Tue Feb 17, 2015, 11:37 AM
Feb 2015

For simply stating and restating a valid and honestly held opinion you seem to want to squelch.

I believe I can post an opinion here, and I believe my opinion is meritorious.

The half-guv does that, calls those who disagree with her "haters".

BlueStater

(7,596 posts)
20. Ugh, no thanks.
Sun Feb 15, 2015, 09:00 PM
Feb 2015

Once again, let me just say how pathetic it is that Martin O'Malley is just about the only potential Democratic candidate I've seen listed who's under 65. We really don't have jack shit in terms of young, rising talent at the moment. Instead, we're relying on people who've been around for eons like Hillary and Biden.

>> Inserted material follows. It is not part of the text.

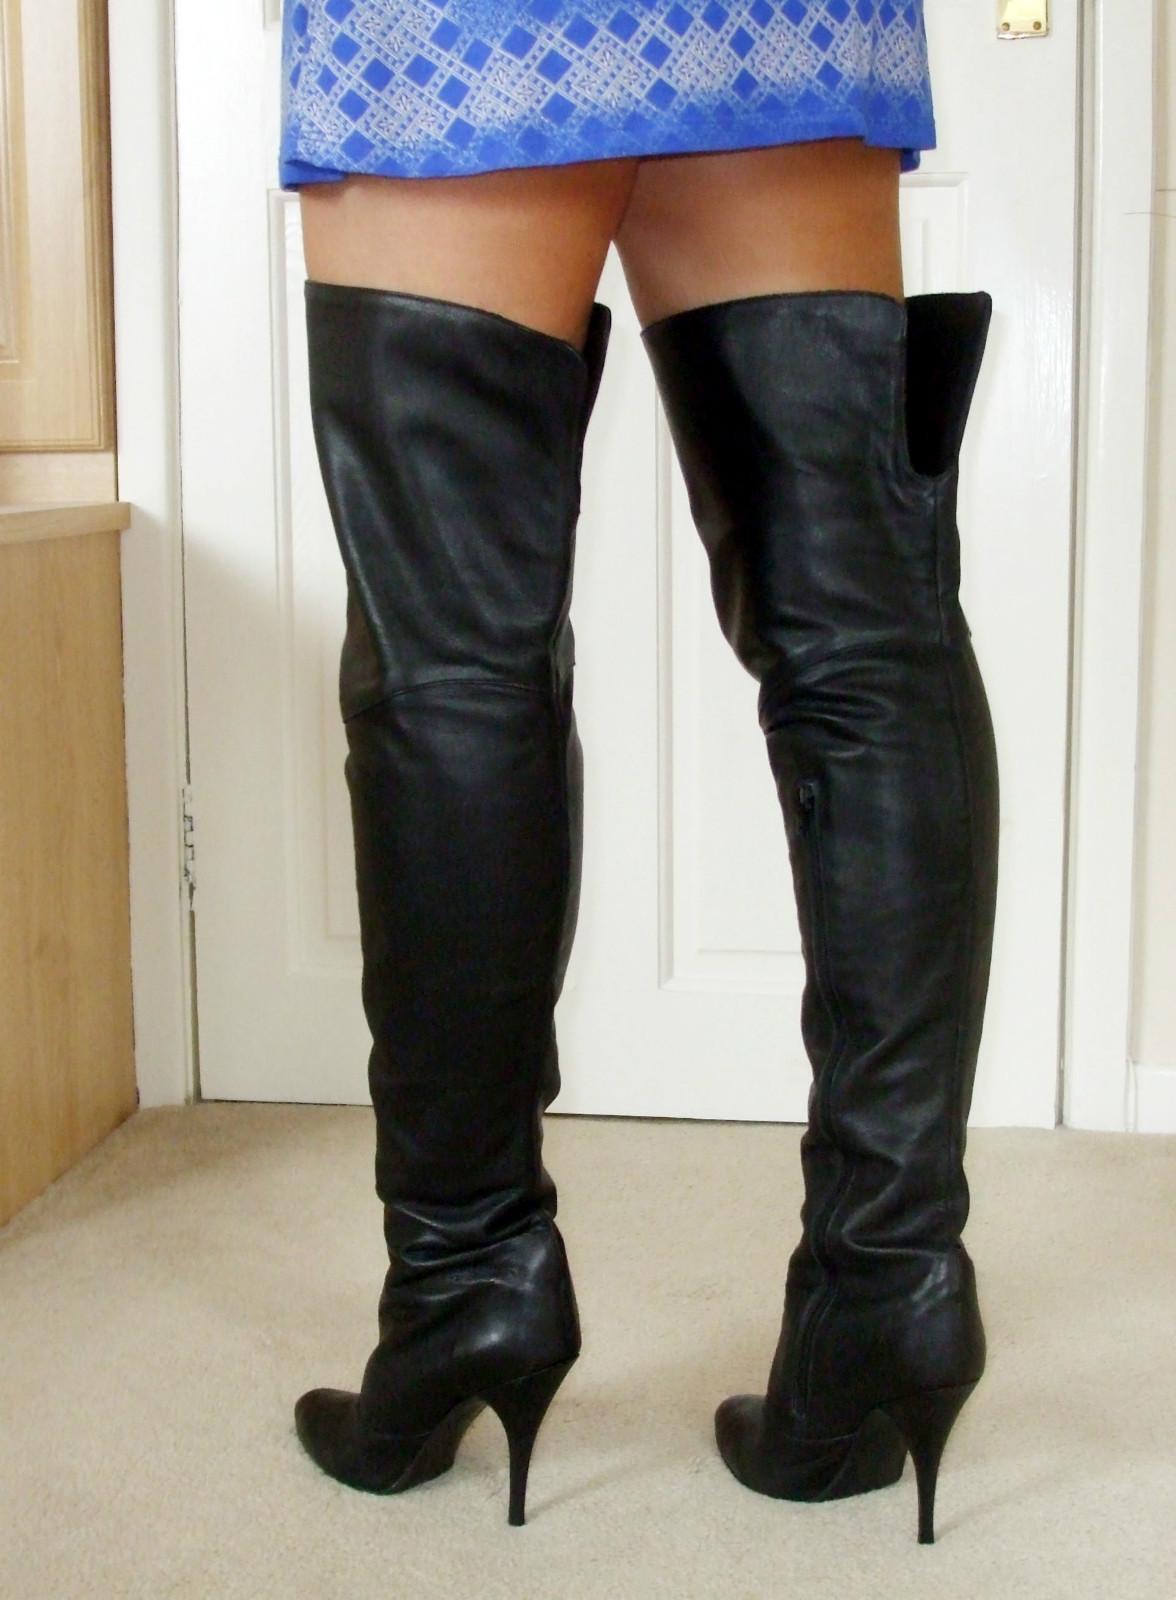 ebay leather a uk seller models some black

I don't get it.

Cha

(297,196 posts)
21. Uh huh: "Jim Webb: Democrats Need "White, Working People," Can't Rely On Black Votes After Obama"
Sun Feb 15, 2015, 09:12 PM
Feb 2015
Mr. NFTG @Kennymack1971 Follow
Uh huh: "Jim Webb: Democrats Need "White, Working People," Can't Rely On Black Votes After Obama http://ln.is/breakingnewsusa.com/ivcEi … via @breakingnewsusa
5:02 AM - 1 Feb 2015 16 Retweets 2 favorites

http://theobamadiary.com/2015/02/01/a-tweet-or-two-225/


davidpdx

(22,000 posts)
22. I've pointed this out in the past couple of weeks, Webb is not running for sure
Sun Feb 15, 2015, 11:41 PM
Feb 2015

I think he is hoping Hillary Clinton won't run (which is unrealistic). My guess is he's not going to see the right circumstances and close his exploratory committee.

fredamae

(4,458 posts)
26. lol "The "right" circumstances?
Mon Feb 16, 2015, 11:59 AM
Feb 2015

indeed...but that's sorta up to the electorate, isn't it or does he mean "right" in a different context?